═════ RECORDED INFORMATION ═════
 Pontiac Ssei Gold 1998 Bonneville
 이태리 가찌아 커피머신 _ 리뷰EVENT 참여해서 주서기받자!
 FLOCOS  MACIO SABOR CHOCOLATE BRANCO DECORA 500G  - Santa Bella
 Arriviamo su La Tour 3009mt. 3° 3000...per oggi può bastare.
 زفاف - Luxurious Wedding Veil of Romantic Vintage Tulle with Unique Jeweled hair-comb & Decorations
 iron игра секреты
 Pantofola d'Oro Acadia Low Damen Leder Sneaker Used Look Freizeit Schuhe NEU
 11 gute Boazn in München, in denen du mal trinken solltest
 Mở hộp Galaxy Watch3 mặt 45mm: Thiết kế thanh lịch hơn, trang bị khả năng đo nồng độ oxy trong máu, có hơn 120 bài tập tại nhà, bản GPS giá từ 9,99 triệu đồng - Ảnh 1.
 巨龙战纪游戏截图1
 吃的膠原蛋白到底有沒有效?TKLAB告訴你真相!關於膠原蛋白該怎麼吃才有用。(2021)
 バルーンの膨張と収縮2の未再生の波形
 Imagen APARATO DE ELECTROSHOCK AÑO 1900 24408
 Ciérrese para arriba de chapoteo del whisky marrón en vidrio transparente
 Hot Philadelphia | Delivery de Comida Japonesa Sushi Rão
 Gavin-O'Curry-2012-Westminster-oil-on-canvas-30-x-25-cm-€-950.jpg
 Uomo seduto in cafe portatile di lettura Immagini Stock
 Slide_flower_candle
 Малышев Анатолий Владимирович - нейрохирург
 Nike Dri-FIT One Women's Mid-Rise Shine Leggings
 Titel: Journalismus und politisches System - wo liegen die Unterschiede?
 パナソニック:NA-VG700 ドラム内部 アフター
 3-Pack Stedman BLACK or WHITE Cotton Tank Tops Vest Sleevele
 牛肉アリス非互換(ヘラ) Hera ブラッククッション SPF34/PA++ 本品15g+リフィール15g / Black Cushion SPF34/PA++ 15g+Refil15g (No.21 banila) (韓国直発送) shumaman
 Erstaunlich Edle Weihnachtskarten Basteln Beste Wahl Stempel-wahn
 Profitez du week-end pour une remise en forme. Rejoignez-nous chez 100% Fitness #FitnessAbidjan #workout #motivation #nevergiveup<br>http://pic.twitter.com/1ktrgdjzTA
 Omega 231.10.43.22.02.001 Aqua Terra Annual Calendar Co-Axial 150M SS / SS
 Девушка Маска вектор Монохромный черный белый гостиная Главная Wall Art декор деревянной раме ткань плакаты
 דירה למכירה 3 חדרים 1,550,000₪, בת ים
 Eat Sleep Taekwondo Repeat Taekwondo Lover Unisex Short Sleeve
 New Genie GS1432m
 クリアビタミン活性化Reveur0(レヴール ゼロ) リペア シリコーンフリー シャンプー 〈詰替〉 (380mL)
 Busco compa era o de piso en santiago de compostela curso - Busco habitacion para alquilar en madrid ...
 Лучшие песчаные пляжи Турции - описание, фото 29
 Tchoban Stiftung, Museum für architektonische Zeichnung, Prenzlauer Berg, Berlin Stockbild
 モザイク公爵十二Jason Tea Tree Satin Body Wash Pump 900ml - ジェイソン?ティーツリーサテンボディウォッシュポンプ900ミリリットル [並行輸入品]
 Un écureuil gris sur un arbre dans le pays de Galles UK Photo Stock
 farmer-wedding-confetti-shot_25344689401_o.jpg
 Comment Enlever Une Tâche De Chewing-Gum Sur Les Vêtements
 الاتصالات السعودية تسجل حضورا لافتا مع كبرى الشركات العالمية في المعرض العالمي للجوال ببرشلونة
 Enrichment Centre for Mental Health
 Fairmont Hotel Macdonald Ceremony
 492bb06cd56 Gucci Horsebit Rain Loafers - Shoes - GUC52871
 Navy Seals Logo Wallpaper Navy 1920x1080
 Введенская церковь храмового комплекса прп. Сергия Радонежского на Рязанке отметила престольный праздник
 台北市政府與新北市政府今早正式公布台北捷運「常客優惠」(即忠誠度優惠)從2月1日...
═════
# [REQUIRED ACTION]
An exact copy of the lines from the one containing "Navy Seals Logo Wallpaper Navy 1920x1080" through the end of the data above is the whole answer.

# [SOLVED PROBLEM]
 Navy Seals Logo Wallpaper Navy 1920x1080
 Введенская церковь храмового комплекса прп. Сергия Радонежского на Рязанке отметила престольный праздник
 台北市政府與新北市政府今早正式公布台北捷運「常客優惠」(即忠誠度優惠)從2月1日...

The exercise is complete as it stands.